Happy St. Martin’s day


November 11th was St. Martin’s day, which is celebrated in the more Catholic regions of Germany, which includes Aachen. Since it is not celebrated at all in the USA, I had to learn all about it. St. Martin lived in the 4th century, and was a soldier in the Roman army. Legend has it that one day he was riding back to camp and there was a freezing homeless man on the road. He ripped his warm coat in half and gave half to the stranger. Later in his life he became a monk, and eventually a bishop. He did not want to become a bishop, but the townspeople really wanted him to.

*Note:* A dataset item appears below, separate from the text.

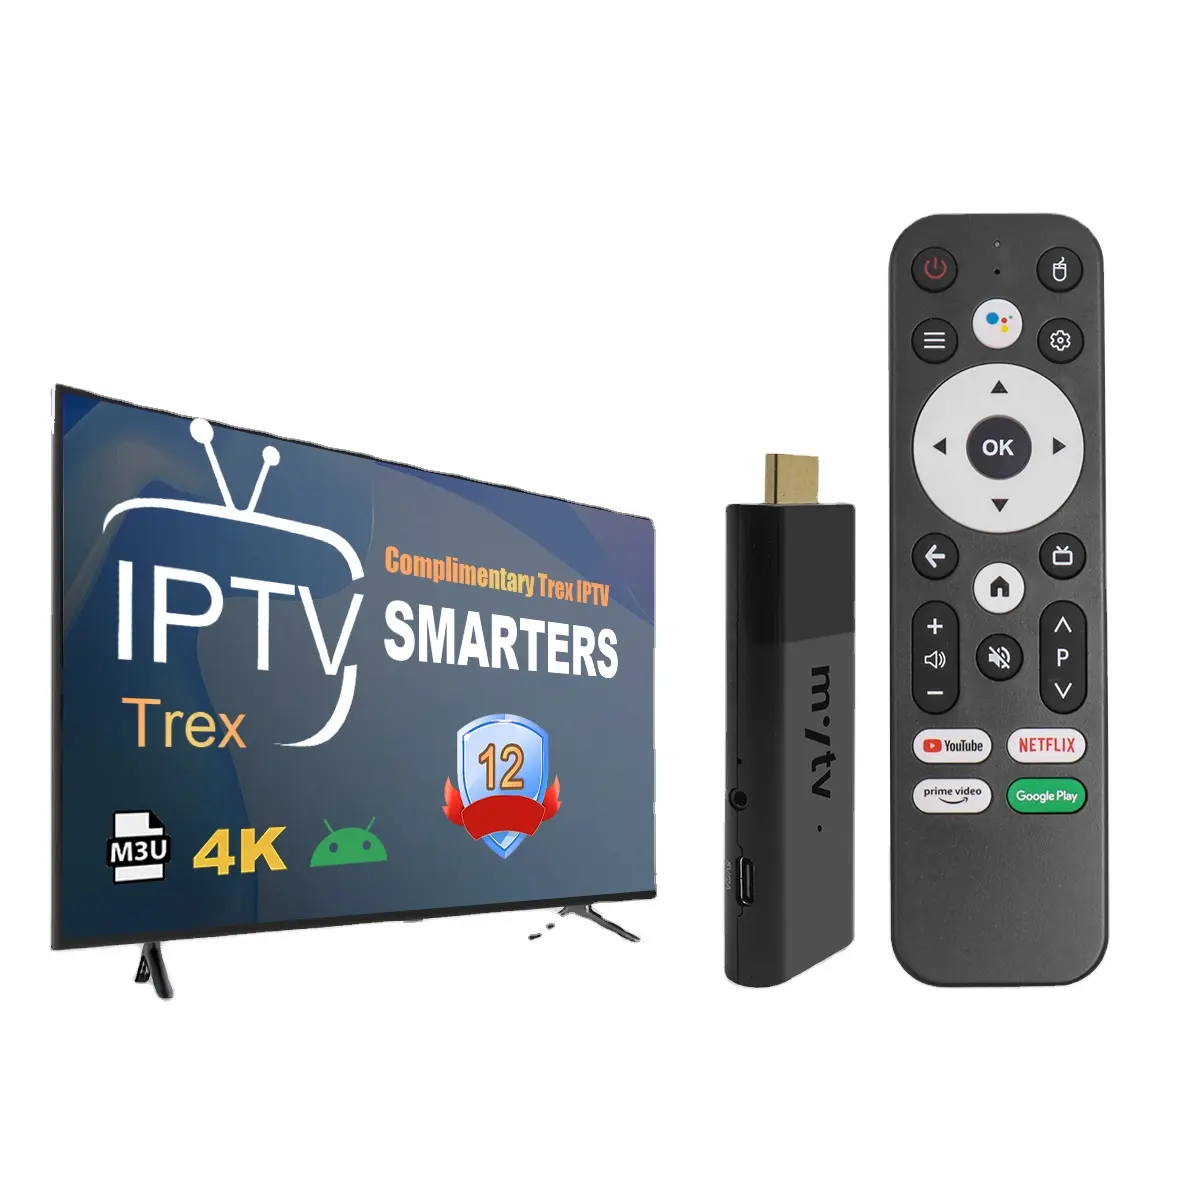 New Android Fire Stick streaming device Dual band WIFI BT with Voice Remote with Trex IPTV 4k Tv Stick

They were all encouraging him to, so he ran away and hid in a barn. The townspeople went out at night with lanterns looking for him, and eventually a goose honked, which gave away his position. He finally decided that he would be a bishop if the people really wanted him to. That’s how the traditions around St. Martin’s day started. You eat goose, and the kids make lanterns and make a parade. Oh, and they also have tasty sweet breads in the shape of St. Martin, which are called Weckmänner (around this region). Elsewhere in the German speaking areas they are known by a variety of different names such as Stutenkerl, Klaaskerl, or Krampus, and are actually usually eaten on St. Nicholas day instead of St. Martin’s day.

On Sunday I made a goose breast with potato dumplings and red cabbage. It turned out okay, though I think it was supposed to be crispier.


On Monday evening, the kids school organized the parade, which ended with a big bonfire – the biggest our kids had ever experienced, since big bonfires are a no-no in dry Colorado.